For us, it was heartening to see that the product spoke for itself, and Atlys has grown its GMV 8x in the last 8 months and went from working with 1 agent to 1000+ agents for its B2B product since inception. Mohak is deeply customer-obsessed and displays strong product-first thinking, which is telling of why we have seen robust M3 retention at upwards of 85% for the travel agents. We believe that there is a large headroom for expansion into ancillaries – Forex, Bookings, VAT refunds, etc. – as Mohak looks to integrate some of these attachments.
We are very excited to partner with Atlys by co-leading the $12.5 million Series A round in the company. Our vision for Atlys is to be the bespoke solution for all your visa and travel planning-related worries and we couldn’t be more excited.

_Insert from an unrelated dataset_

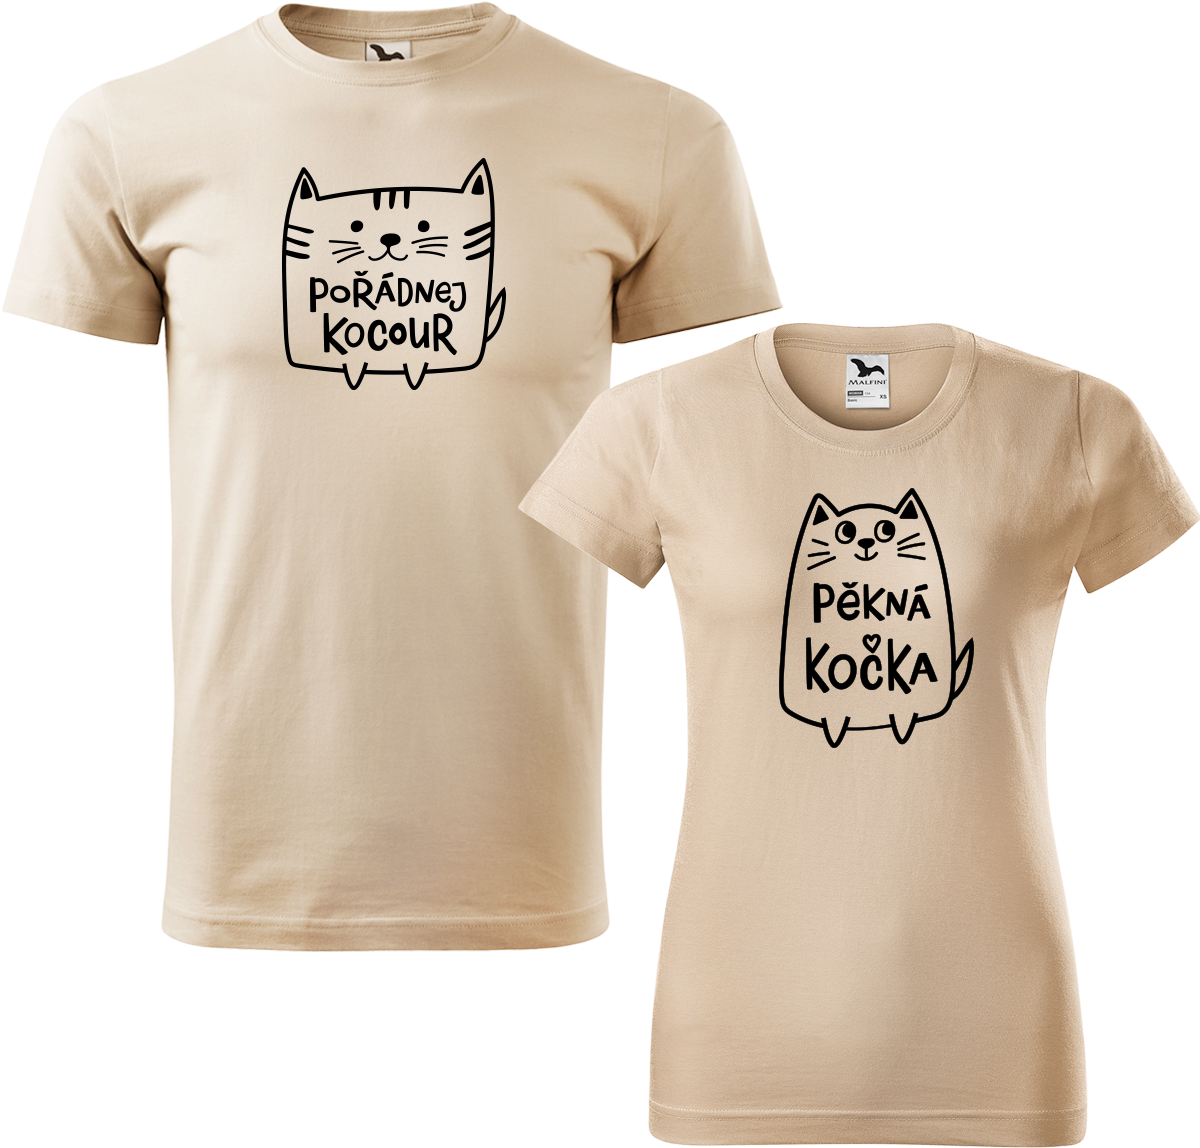 Trička pro páry - Pořádnej kocour a pěkná kočka Barva: Písková (08), Velikost dámské tričko: S, Velikost pánské tričko: M

Introducing Atlys! We were lucky to have met with Mohak Nahta, the founder of Atlys, in early-2021 when Atlys was a B2C app in the US solving the complexity associated with applying for visas. They saw organic adoption from NRI travelers for whom the visa process was a significantly bigger pain point than US travelers. As NRIs started recommending the product to Indian citizens and Indians organically discovered the product in early 2022, the team decided to shift their focus to building for weaker passport countries, starting with India. Today, the team offers both a simple DIY flow as well as a SaaS product for travel agents, which they started in July 2022.